There’s a lot of chatter these days about a private equity practice called “dividend recapitalization,” which sounds in some accounts like yet another bit of nefarious manipulation of the financial system by fat cat, tax-dodging investors. So let me explain what a dividend recap is and how it works, and you can decide whether it’s evil or not.
Imagine you decide to team up with a bunch of friends to buy a house. You all pitch in some money, and borrow the rest from the bank. Then you do the house up, flip it for a profit a few years later, pay back the bank and divide the cash amongst yourselves. That’s essentially how private equity works.
But what if you don’t want to wait several years for your big payout? If the value of the house has gone up, you could always take out a second mortgage on the home.
That’s essentially what a private equity company does in a dividend recapitalization. It goes back to the bank (or banks) and asks for a top-up loan. But rather than spending the money on something to benefit the company, the firm spends the money on itself, and pays a share to each of the partners. It pays itself a dividend, in other words.
This means, of course, that when the time comes to sell the company and pay back the bank, the bank will get more money and the PE firm will get less, but that’s OK, because the partners in the fund are reducing their risk by getting that early dividend payment.

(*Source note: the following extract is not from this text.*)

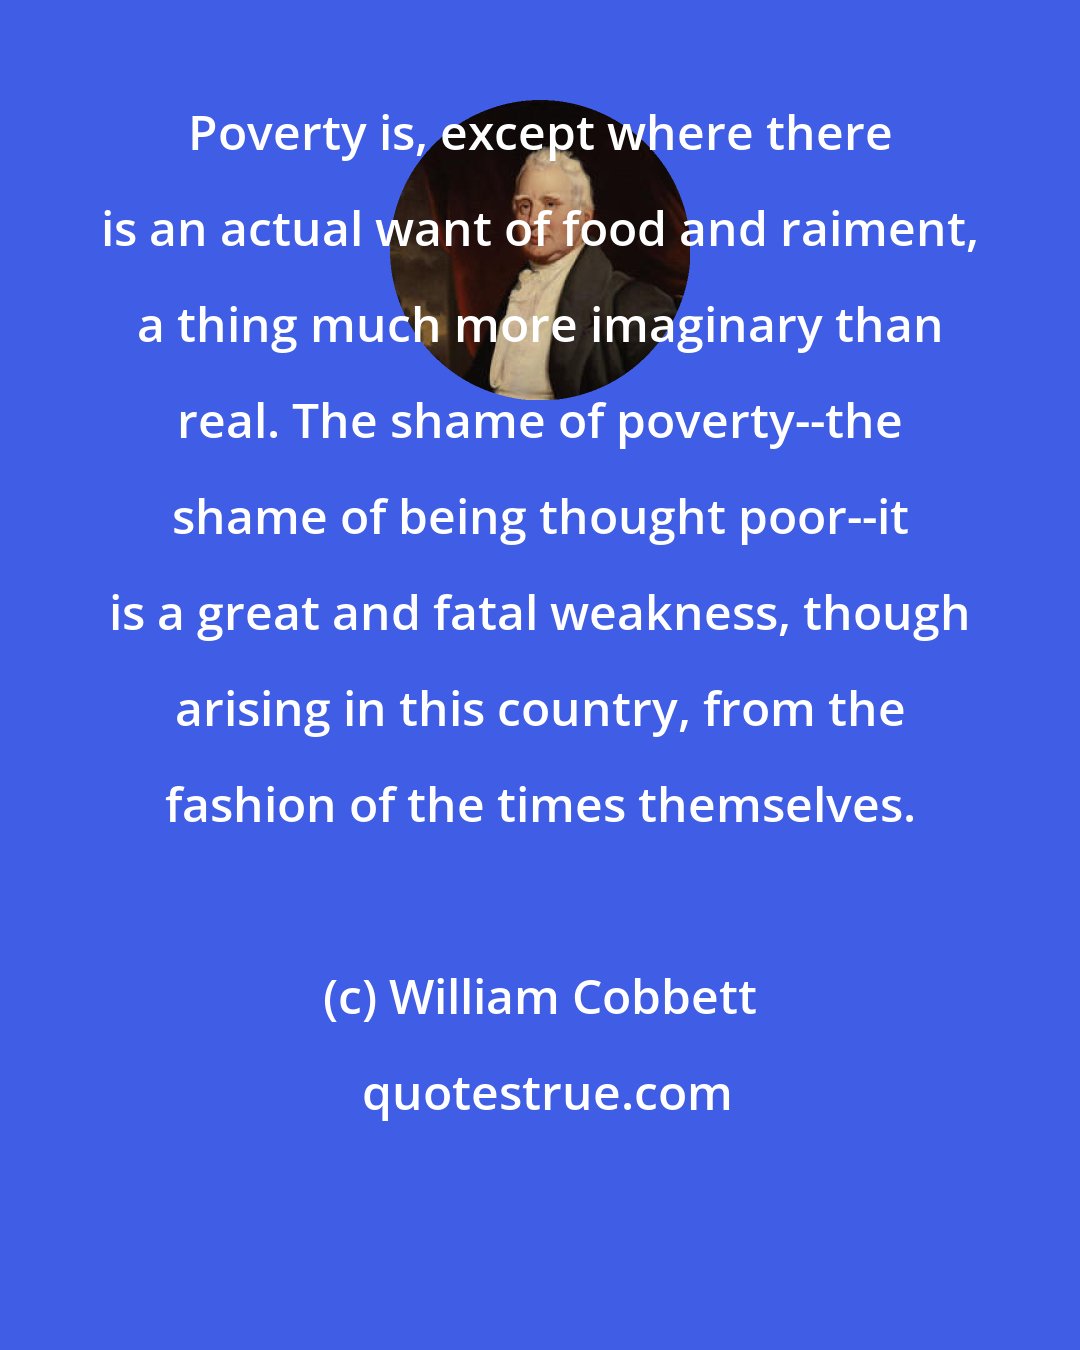 William Cobbett: Poverty is, except where there is an actual want of food and raiment, a thing much more imaginary than real. The shame of poverty--the shame of being thought poor--it is a great and fatal weakness, though arising in this country, from the fashion of the times themselves.

So far so like a second mortgage. The difference between your “flip this house” team and a private equity firm is that when your team borrows from the bank, you are liable for the loan. If anything goes wrong with the investment, your team is on the hook. Private equity firms, however, do not hold the debt when they buy companies. Instead they pile all that debt onto the company that they’ve bought. So if things go wrong, and the company fails, the partners in the private equity firm only lose the capital they put up.
That’s right, don’t have to pay back any of the loan, neither the original loan, nor the top-up: that’s up to the company. So in the event of a failed investment, if the private equity firm has done a dividend recap and pulled some money out of the deal early, the partners are very happy.
The company, which has been burdened by more debt… not so much.